Primm, an anesthesiologist by training, helped found the Addiction Research and Treatment Corporation, a pioneering drug-treatment program in Brooklyn, and directed the Federal Office of Treatment Improvement under President George H. W. Bush. His reminiscences afford an insider’s view of policy shifts during the explosion of drug abuse in the 1960s and ’70s, when the earlier emphasis on punishment gave way to a medical approach focused on weaning users off dependency, including long-term methadone-maintenance therapy for heroin addiction. Primm recounts intense controversies surrounding drug-treatment innovations: he was initially skeptical of long-term methadone maintenance himself and endured criticism from other doctors for supplementing inpatient treatment with outpatient centers that could accommodate impoverished addicts while providing social services. There’s a guerilla-warfare feel to these anecdotes, with activists squatting in abandoned buildings they want for rehab centers, invading government offices to demand funding, and coping with NIMBY violence. (Primm’s early drug-treatment facilities were targeted by neighborhood vandals and arsonists, and he was confronted by machete-carrying black militants who considered methadone just another white man’s drug that would keep their community addicted.) He continues on to his experiences during the AIDS epidemic, when he founded the Brooklyn AIDS Task Force and lobbied for federal support for needle-exchange programs and greater attention to the intertwining of drug abuse and AIDS. Primm, who is African-American, discusses how disadvantages and discrimination exacerbate sociomedical crises in minority communities; his personal saga—the lack of openings for black students in the 1950s forced him to go to Europe for medical school—makes these observations more resonant.
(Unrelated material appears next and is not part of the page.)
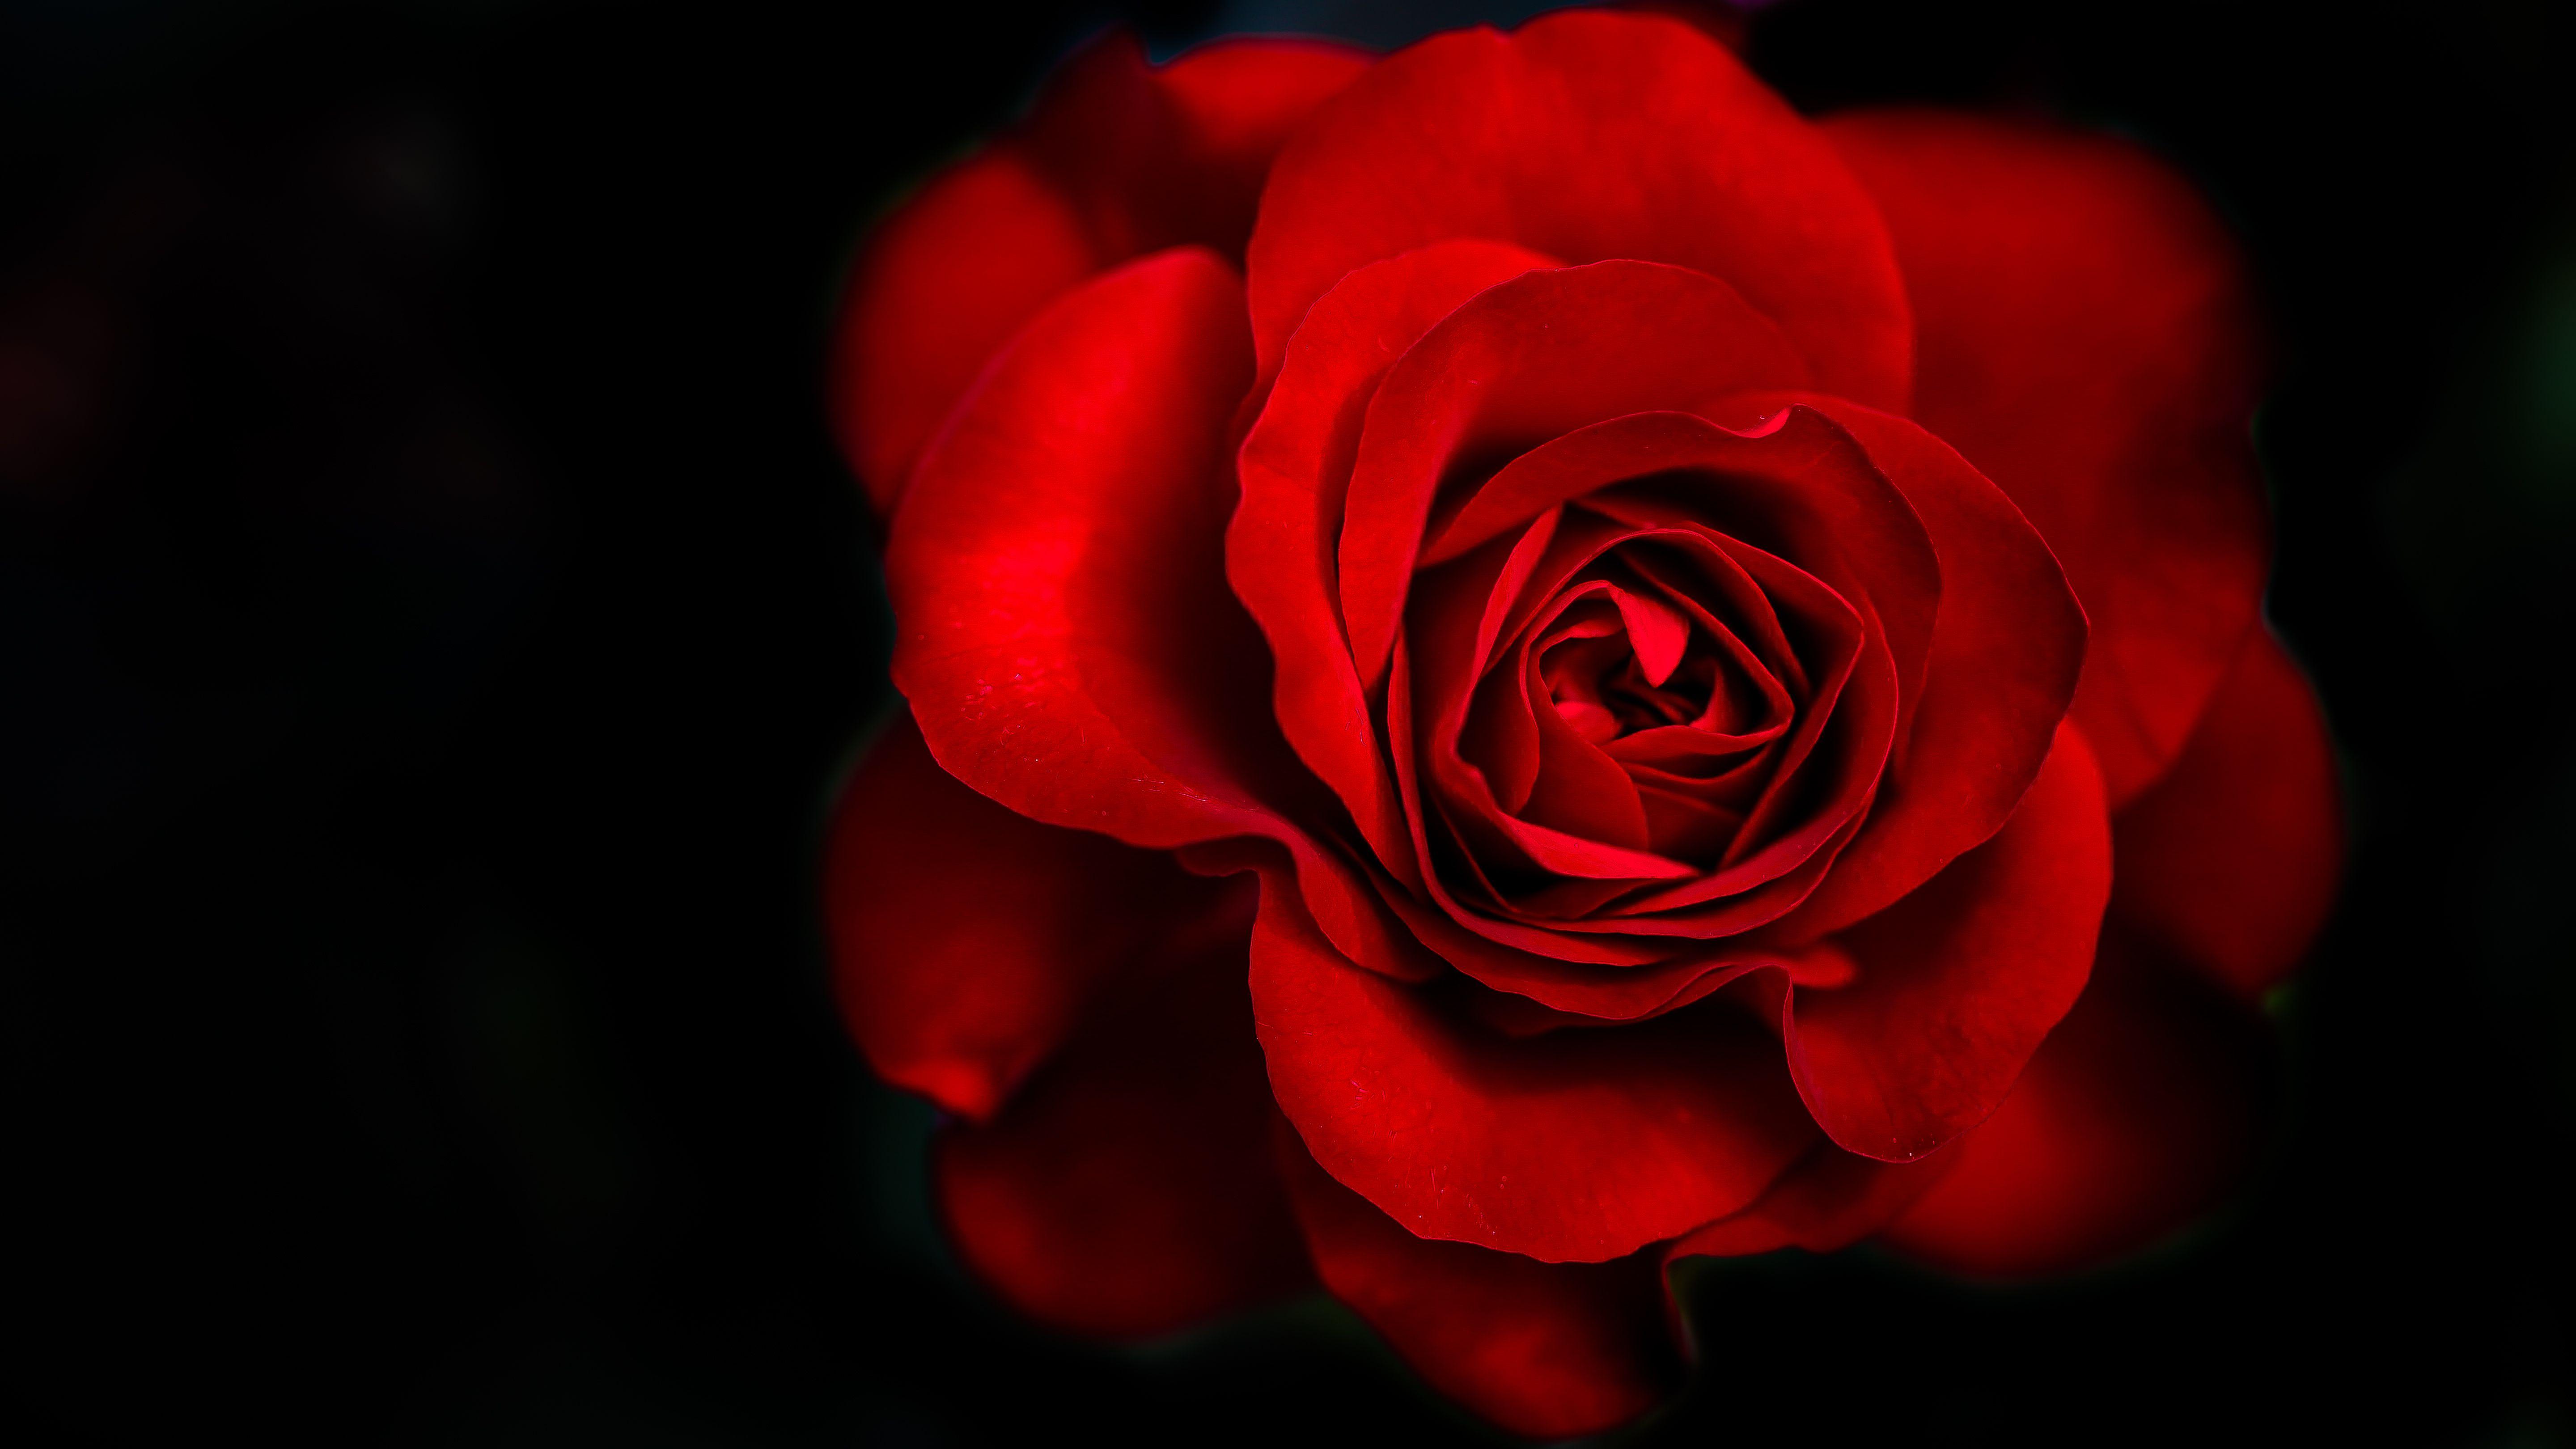 Black And Red Rose Wallpapers - Top Free Black And Red Rose Backgrounds

He and amanuensis Friedman tell the story in lucid, straightforward, rather subdued prose that conveys fraught incidents in a matter-of-fact style. One wishes that Primm had given more space to the science of addiction, but his narrative of policy implementation captures important aspects of crucial episodes in American health care.

An interesting, informative firsthand account of how medicine and government grappled with two plagues that reshaped society.